Now the AHE prediction is a hot research topic in medical signal processing. Generally, the research of predicting AHE can be categorized into two types, which are only ABP or MAP signal analysis and ABP with other physiological information analyses. For the only ABP or MAP signal analysis, Bassale [1] proposed to generate the statistical summaries of ABP signals to predict hypotension before hypotension episodes, including the mean, standard deviation, variance, skewness, and the quantile-quantile. Saeed introduced a temporal similarity metric, which applied a wavelet decomposition to characterize time series dynamics at multiple time scales to utilize classical information retrieval algorithms based on a vector-space model. This algorithm was used to identify similar physiologic patterns in hemodynamic time series from ICU patients by the detection of imminent hemodynamic deterioration [2]. Ghaffari et al. [3] used the neural network multimodels to calculate the MAP signal in the forecast window of 1 hour and then predicted the AHE. The first phase mainly trained the models according to comparison analysis between the current blood pressure signal and a collection of historical blood pressure templates. In the second phase, the multimodel structure was employed to predict the possible occurrence of AHE. Moreover, the PhysioNet/computers held a research challenge about detecting the AHE in 2009. In this challenge, some valid approaches were proposed. Foumier and Roy [4] used KL divergence between two distributions to identify the discriminative features and then utilized these features to train the classification model based on the nearest neighbor algorithm. Mneimneh and Povinelli [5] presented a rule-based approach for the prediction of the AHE.
In the ABP with other physiological information analyses, Singla et al. [6] showed the correlation between some independent variables and the development of early hypotension episodes. Those variables included age, sex, body mass index, history of hypertension, diabetes mellitus, anemia, heart rate, and systolic and diastolic blood pressure. Lin et al. [7] studied the association of specific variables with the increasing risk of hypotensive episodes, namely, weight, height, American Society of Anesthesiologist physical status, surgical category (orthopedics, plastic surgery, general surgery, obstetrics, and urology), and systolic blood pressure. Based on these variables, Lin et al. proposed a logistic regression model to assess the risk of developing a hypotensive episode.

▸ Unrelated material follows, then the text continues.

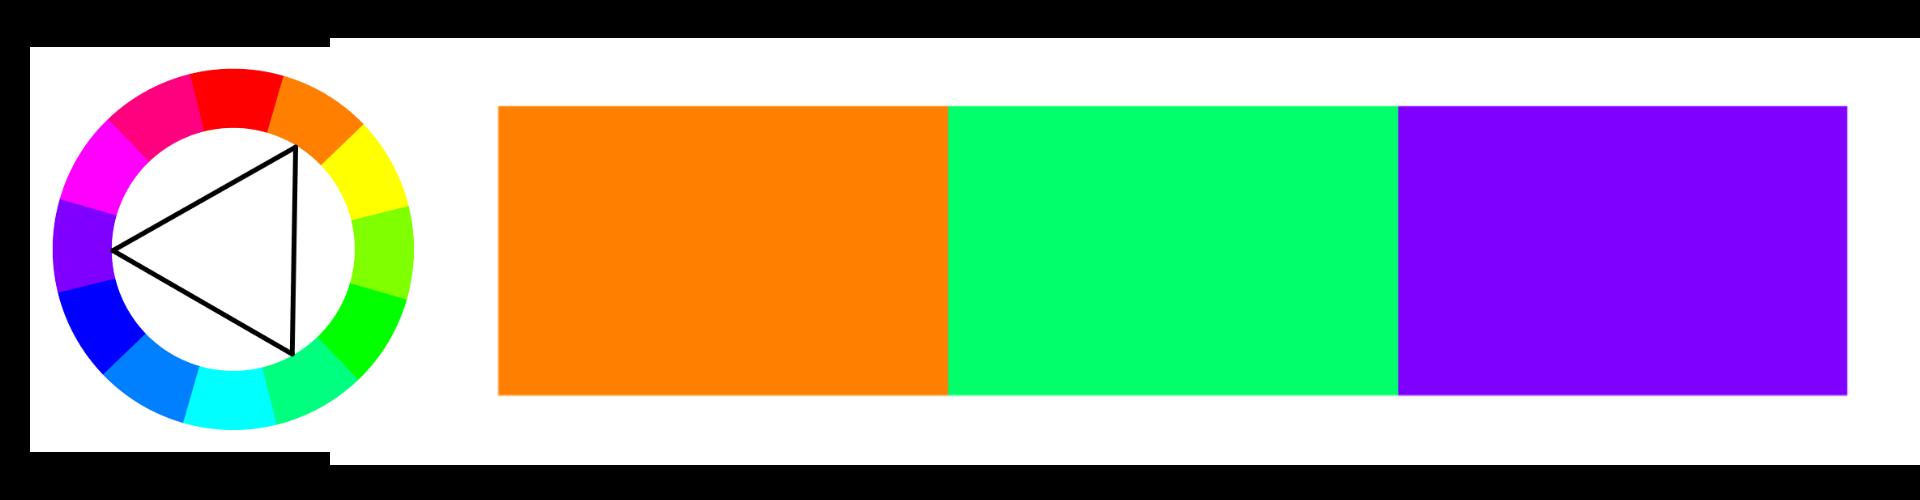 Coloring Schritt-für-Schritt I: Farbtheorie

Frölich and Caton discovered that the higher baseline heart rate, which possibly reflected a higher sympathetic tone, might be a useful parameter to predict hypotension in 2002 [8]. Rocha et al. aimed to detect AHE and MAP dropping regimes (MAPDRs) using electrocardiogram (ECG) signal and ABP waveforms in 2010 [9], and this method was based on calculating the shock occurrence probability with an adaptive network fuzzy inference system, which incorporated the influences of heart rate, systolic blood pressure, diastolic blood pressure, age, gender, weight, and some miscellaneous factors.
This paper demonstrates how AHE can be predicted in the next 1-hour forecast window. In order to achieve this aim, the analytic signals are obtained from MAP with the Hilbert-Huang transform method, and then five features are absorbed in the analytic signals. Genetic programming (GP) is an effective method to select features and constructs a classifier simultaneously [10–12]. In this work, multi-GP is used to classify the AHE and no AHE patients. (In particular, AHE means there is an episode of acute hypotension beginning within the forecast window.) The validation sets consist of two datasets, A and B. The set A is comprised of 110 records [13], while the set B is comprised of 2866 records which are obtained from MIMIC-II database [14]. The experiment shows that our method achieved accuracy of 83.33% and 91.89% in the training and testing sets of set A, respectively, and of 84.13% and 82.41% in set B.
In the following section, the database and methods of the application are described in detail. In Section 2, the datasets are introduced briefly. In Section 3, the methodology is introduced, including the Hilbert-Huang transform, features extraction method, and multi-GP classifier method. The experiment verification and discussion are given in Section 4. The last section gives conclusions.
2. Datasets
In the MIMIC-II, patients’ records contain most of the information that would appear in a medical record, such as results of laboratory tests, medications, and hourly vital signs. About 5000 records also include physiologic waveforms, such as ECG, blood pressure, and respiration. The intent is that a MIMIC-II record should be sufficiently detailed to allow its use in studies, for example, for basic research in intensive care medicine or for development and evaluation of diagnostic and predictive algorithms for medical decision support [13, 14].
The blood pressure signal includes systolic arterial blood pressure (SABP), diastolic arterial blood pressure (DABP), heart rate, SpO2, pulse, and respiration. The SABP is the maximum pressure (Figure 1, red box) when the heart contracts and blood begins to flow. The DABP is the minimum pressure occurring (Figure 1, green circle) between heartbeats (see Figure 1).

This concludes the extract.